Table of Contents

Workers

Workers are divided into four types:

- Migrant Workers work for money, and live in town. Their skills are variable, and they may or may not improve over time. The Migrant Pool tends to change every so often as the best workers are hired on by local farms and as unhired workers go their own way. You can boost Migrant morale by giving them free food, and Migrants with poor loyalty or responsibility may eat or take home some of your harvestables.

- Live-In Workers work and live on the farm, requiring you to build Bunkhouses for them to live. They also require Food (so essentially you provide room and board); but you don't need to pay them quite as much, and you have better control over how their skills develop.

- Visiting Farmers can stop in and work on your farm; in exchange for their services, they receive a small amount of your harvest or Coins (as determined by you). Provide good rewards to visiting farmers and they're likely to come back.

- Family Members can work on your farm or workshops while you're out supervising (or offline); you just request a task and if available, a Family Member will fill it first. You can specify at a workshop that you'd like to exclude workers or worker types from doing this.

- You yourself qualify as a worker under specific circumstances - namely, if nobody else is available, or if the task in question is short (a few seconds). If not, you will be notified of the time you will spend working and require confirmation to continue (you'd rather not work on something for two days when you could be watching your workers, after all). You can disable yourself as a worker to require delegation, or disable confirmations to always do a task if possible. If nobody is available to do a task, you will receive notice (and a friendly pointer towards the Want Ads.) If you are working on something, you can't do anything else unless you choose to go On Break - at which point you can go tend to other things and come back later.

Worker Roles

Taking a Break

Nobody works twenty-four hours a day. Farmers and workers take breaks to rest, eat their meals, and avoid getting completely worn out. You can schedule people's breaks, or even take them away entirely, but know that exhausted workers do very poor jobs (and will have very poor job loyalty), while exhausted family members will be very unhappy (which is just as damaging). Let your people rest and reap the rewards.
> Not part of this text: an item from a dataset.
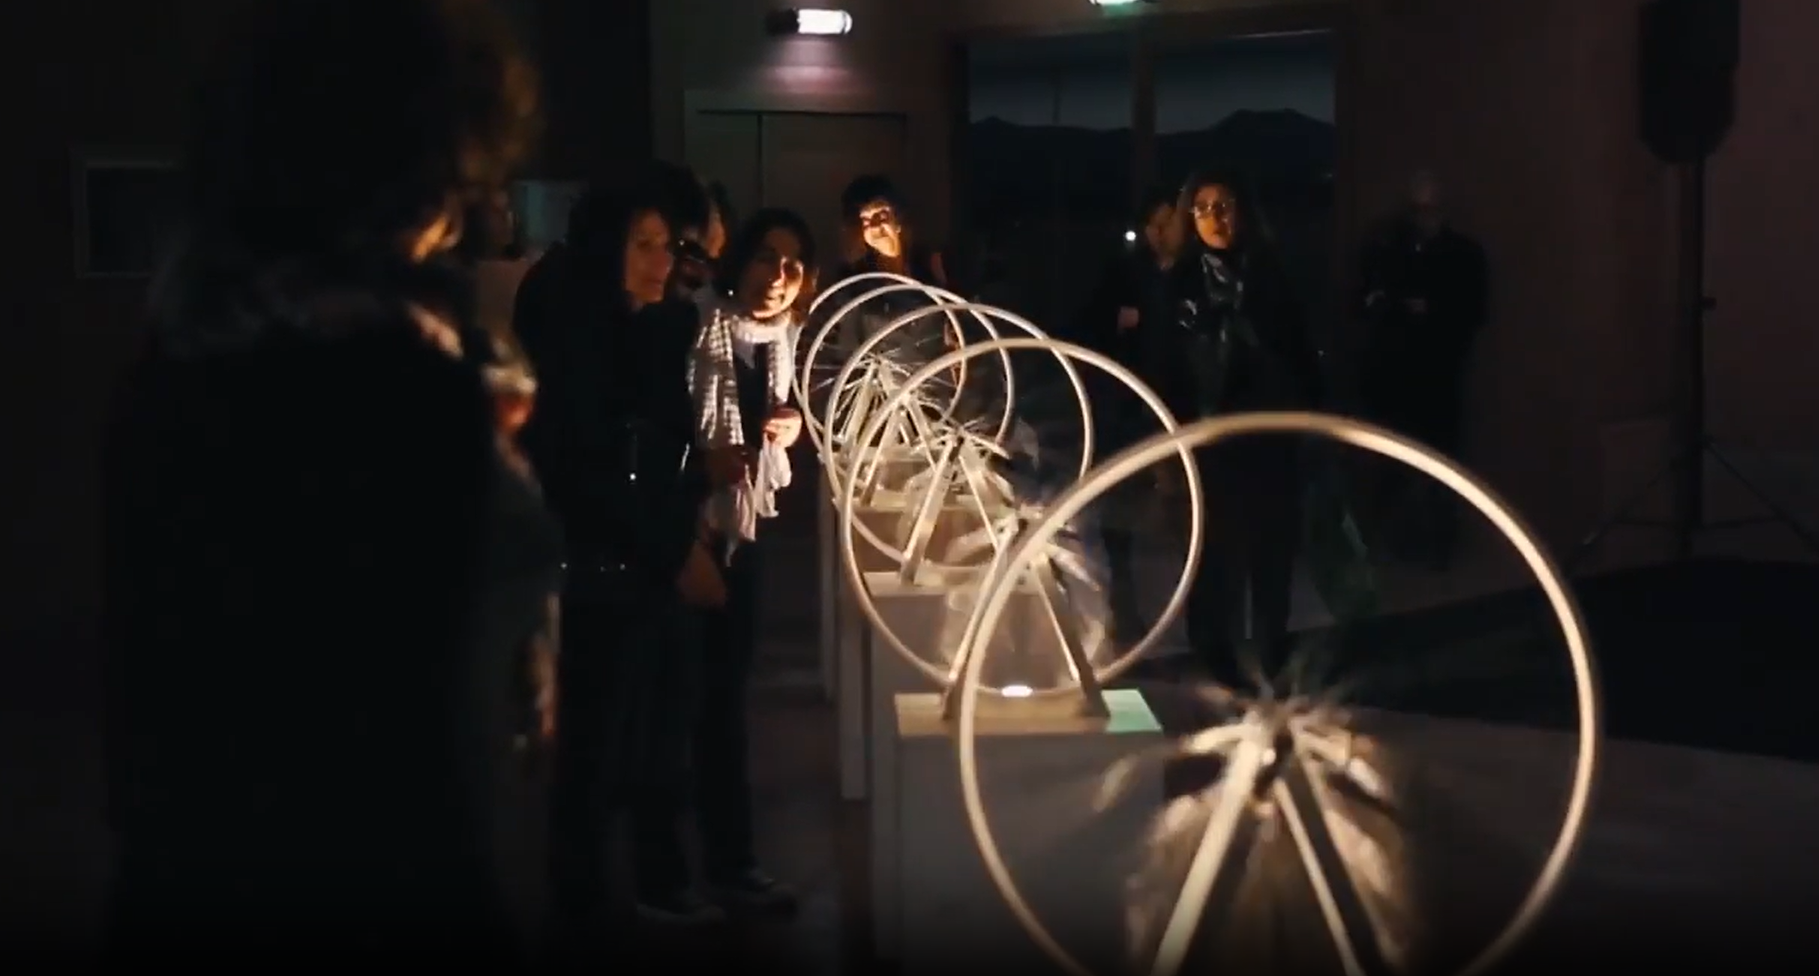 Installation participative avec des roues musicales

When you hire a Migrant Worker, you will generally be hiring them for a 'shift' of time; they come to your farm, work between specified hours, collect their pay and go home. Providing breaks for Migrant Workers ensures that you get good-quality work from them, and that they will rest when you expect them to instead of when you aren't watching.

Live-In Workers and Family Members are on site around the clock, and collect their pay every day and their food at meal time. They also typically 'work' a shift so as not to exhaust themselves, but are more flexible about their hours, most of the time.